Polpharma Biologics Group announces that its Bioeq joint venture company with Santo Holding (Strüngmann Group) has concluded a commercial partnership with Teva Pharmaceutical Industries Ltd. for their biosimilar candidate of the ophthalmological drug Ranibizumab (Lucentis®) in Europe, Canada, Israel and New Zealand.
The reference product is a monoclonal anti-angiogenic antibody fragment (Fab) that has been approved to treat the “wet” type of age-related macular degeneration, a common form of age-related vision loss. Worldwide, at least 25 to 30 million people are affected by age-related macular degeneration. The launch of a biosimilar Ranibizumab can increase market competition, reduce cost and expand patient access with proven analytical and clinical similarity to the original product.
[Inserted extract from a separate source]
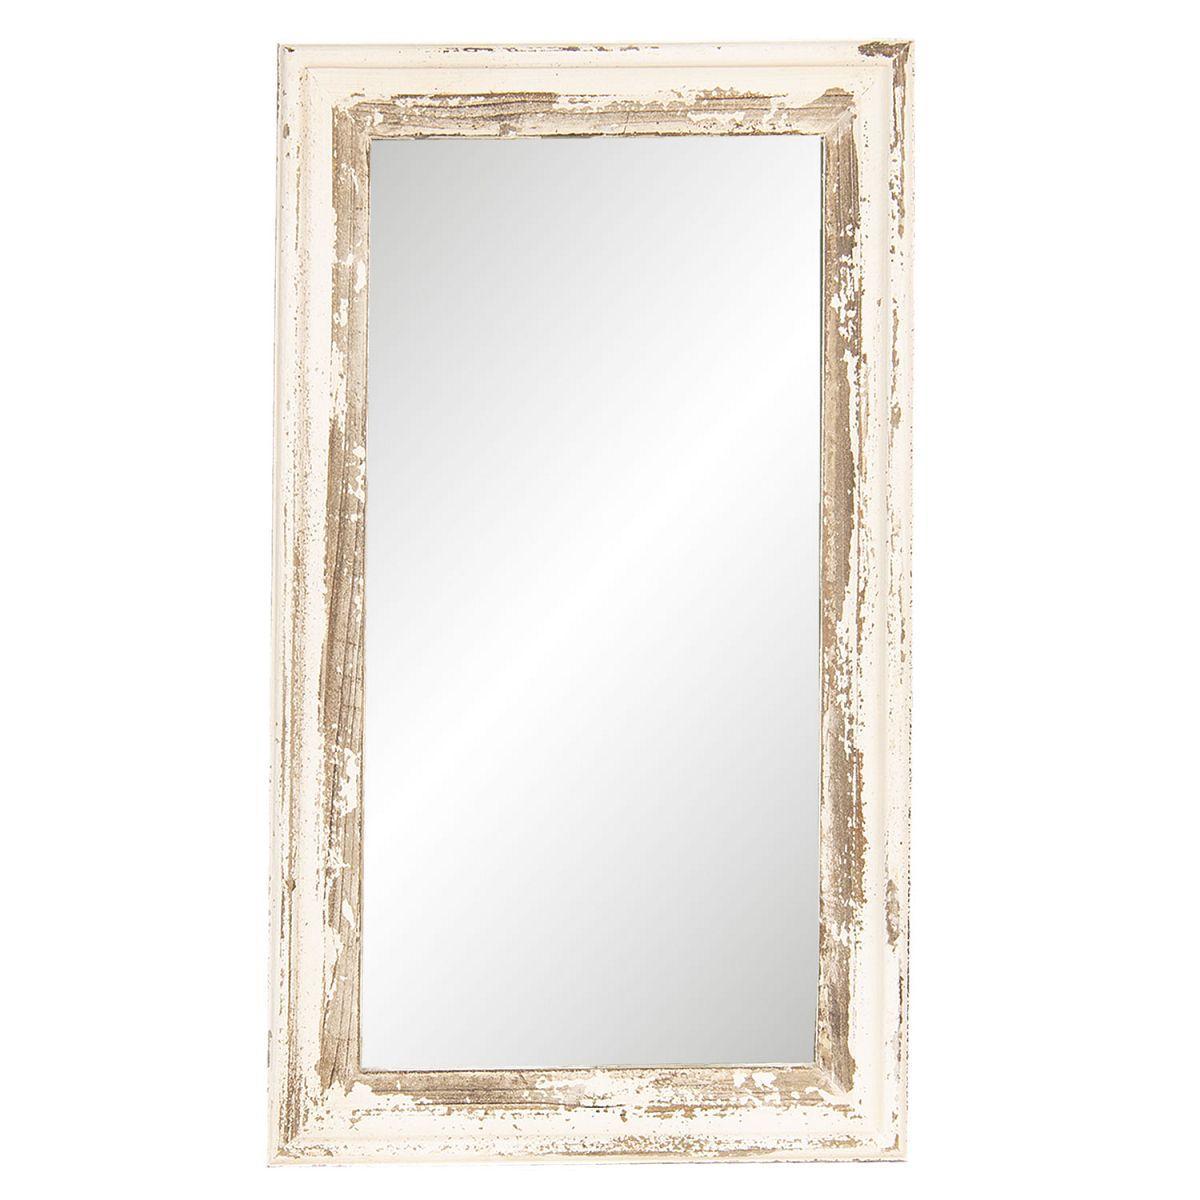 1- Nástěnné zrcadlo patina

This agreement with Teva complements an existing agreement concluded with Coherus BioSciences, Inc. for commercialisation in the United States.
Dr Joerg Windisch, CEO of the Polpharma Biologics Group, commented on the achievements of the joint venture: “This is a huge milestone for the progression of a life changing therapeutic. We are proud the development program has been successfully completed, and that, through this agreement, more patients will gain access to highly effective treatments for vision loss including for age-related macular degeneration. This is another demonstration of our passion for providing safe and effective medicines to patients.”